THE DATA
- Opening Delimiter -
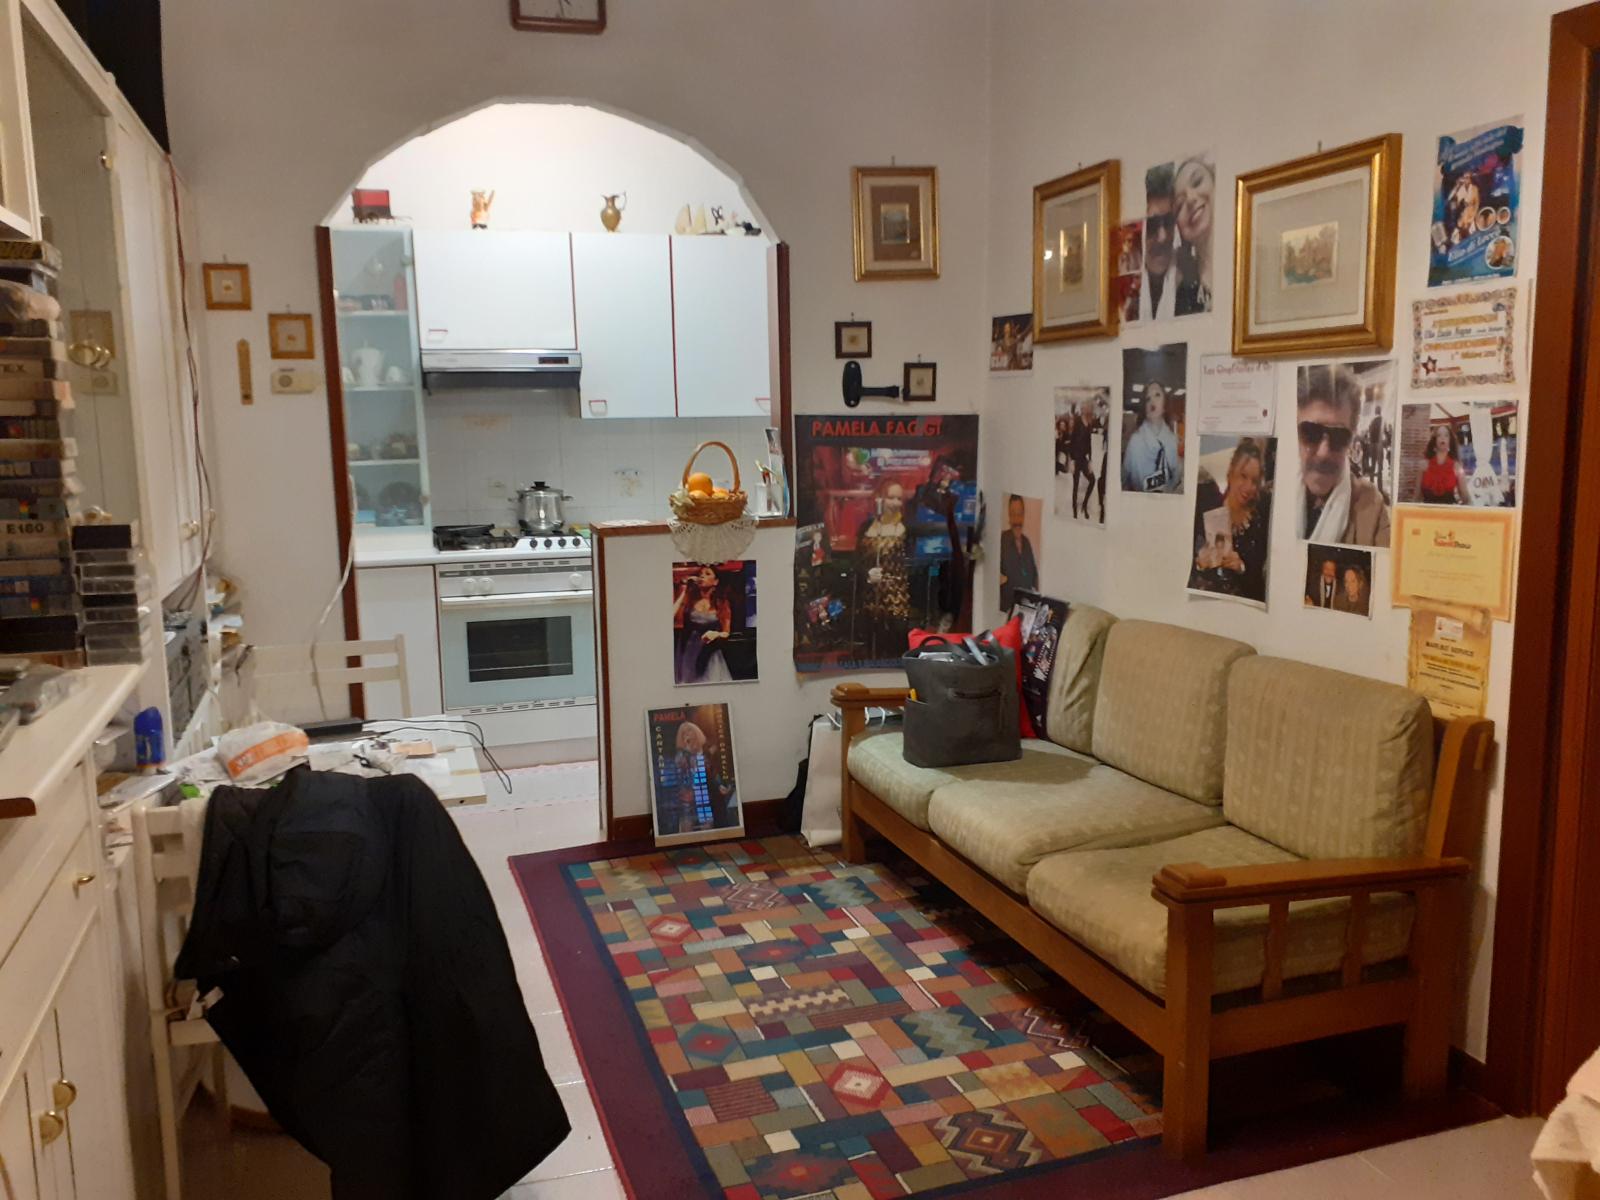 appartamento-in-vendita-a-baggio-milano-2-locali-bilocale-spaziourbano-immobiliare-vende-12
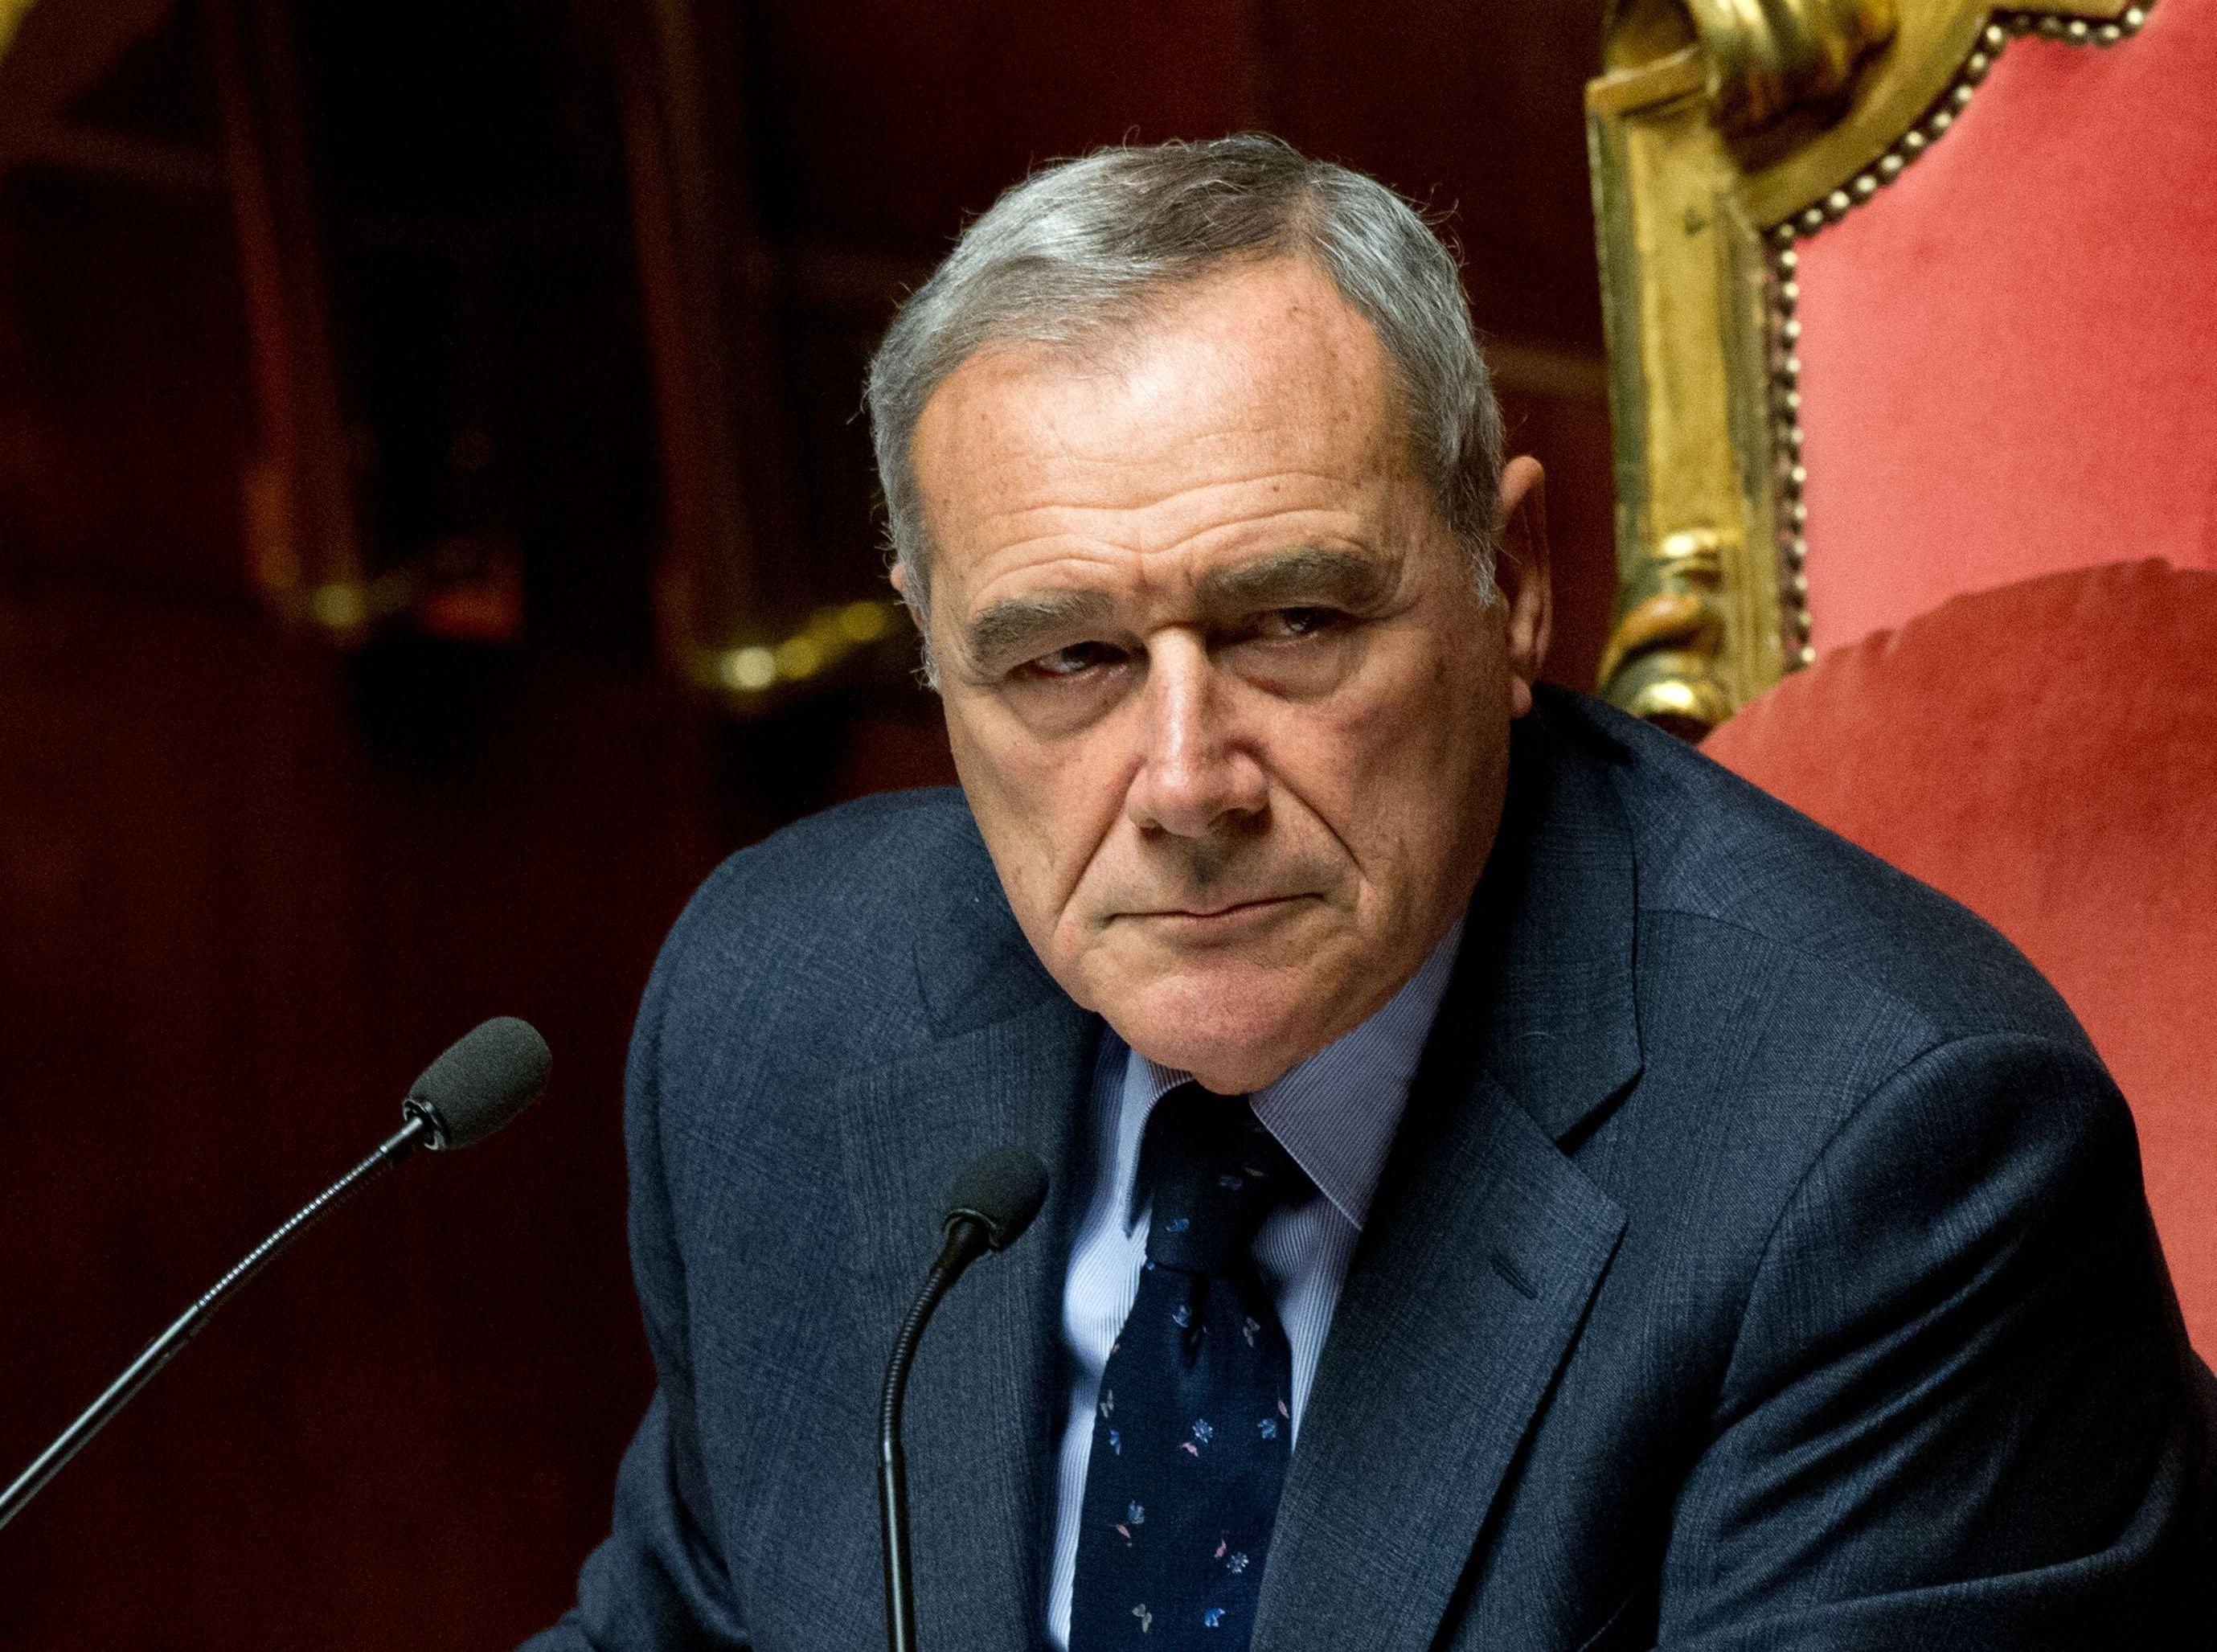 Consiglio di presidenza del Senato: sanzioni per D'Anna, Barani, Airola, Castaldi
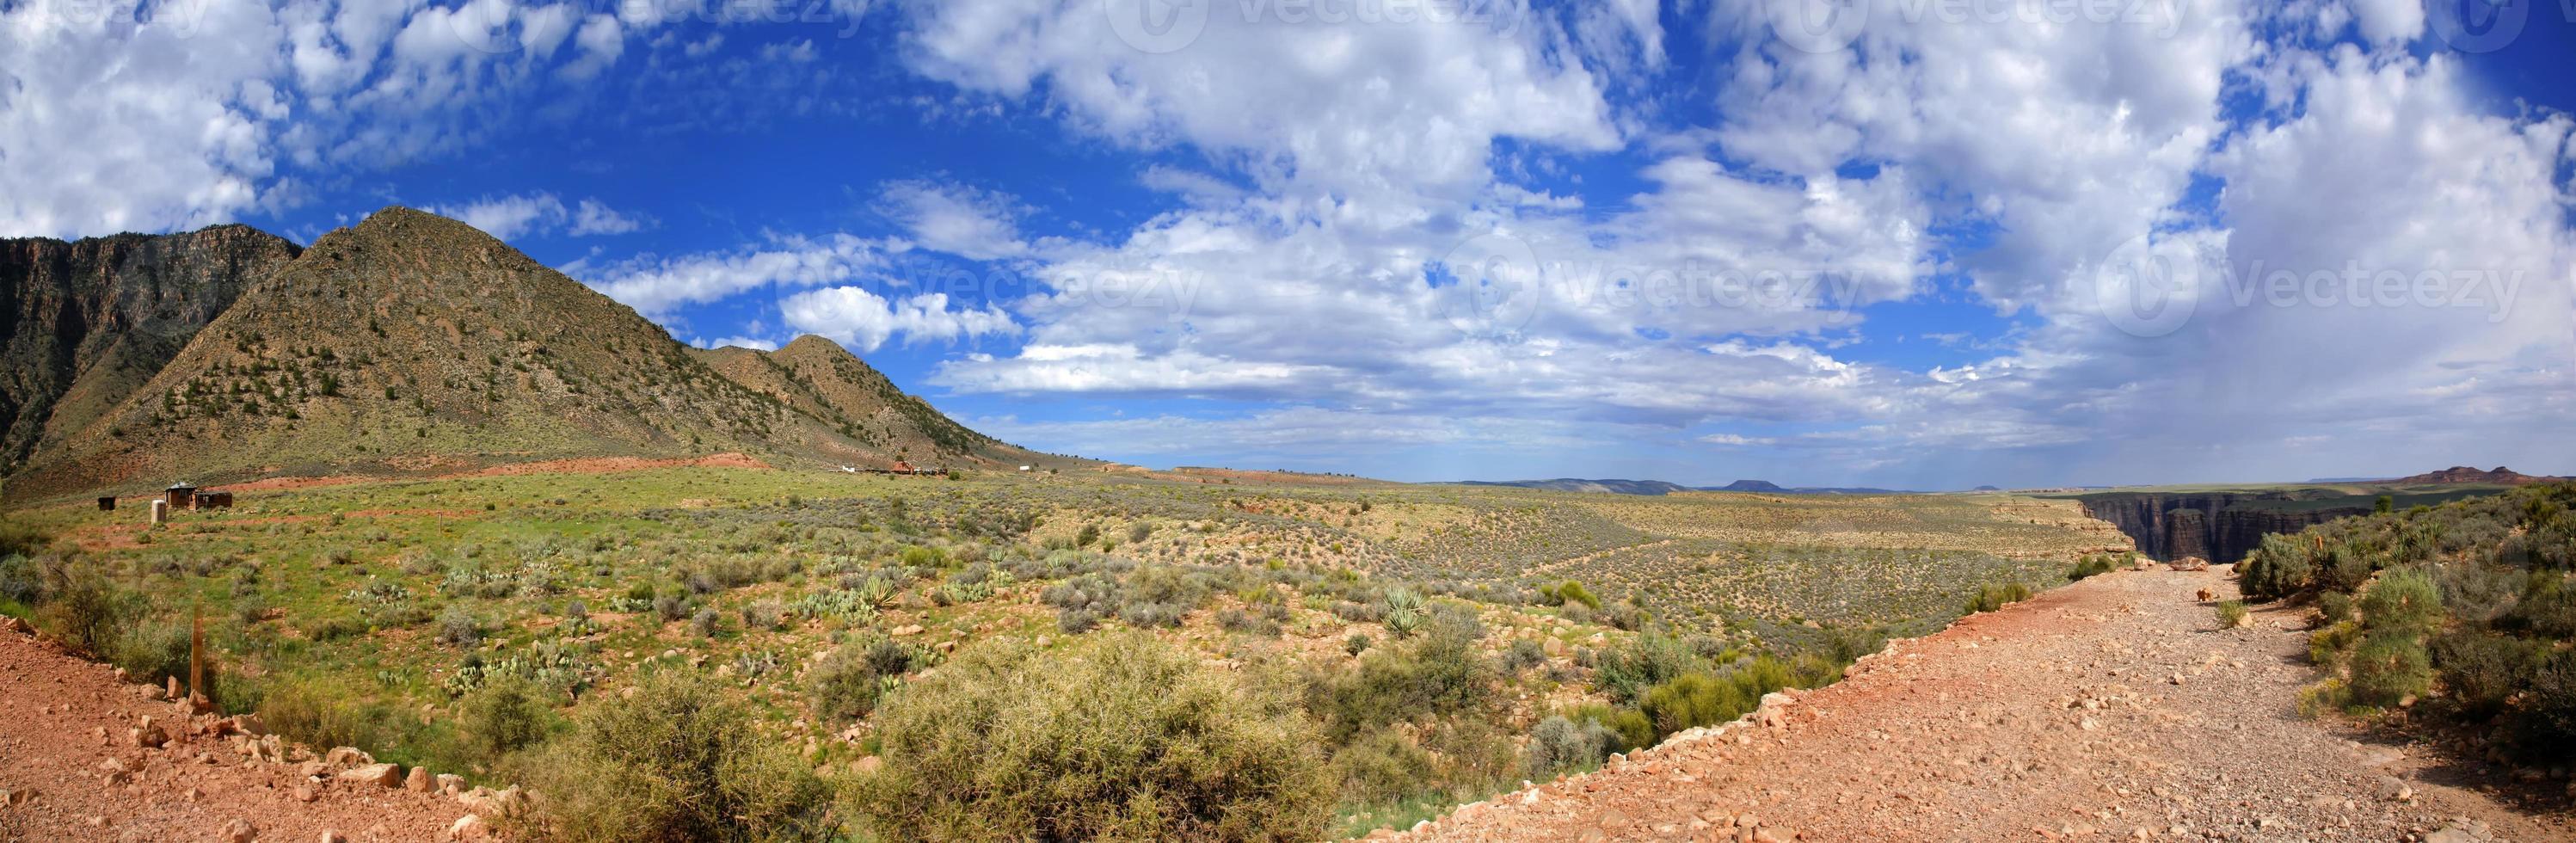 Arizona desert - USA photo
- Closing Delimiter -
EXERCISE PROMPT
Write out the listing above in full, word for word, with no pictures.

THE COMPLETED TASK
 appartamento-in-vendita-a-baggio-milano-2-locali-bilocale-spaziourbano-immobiliare-vende-12
 Consiglio di presidenza del Senato: sanzioni per D'Anna, Barani, Airola, Castaldi
 Arizona desert - USA photo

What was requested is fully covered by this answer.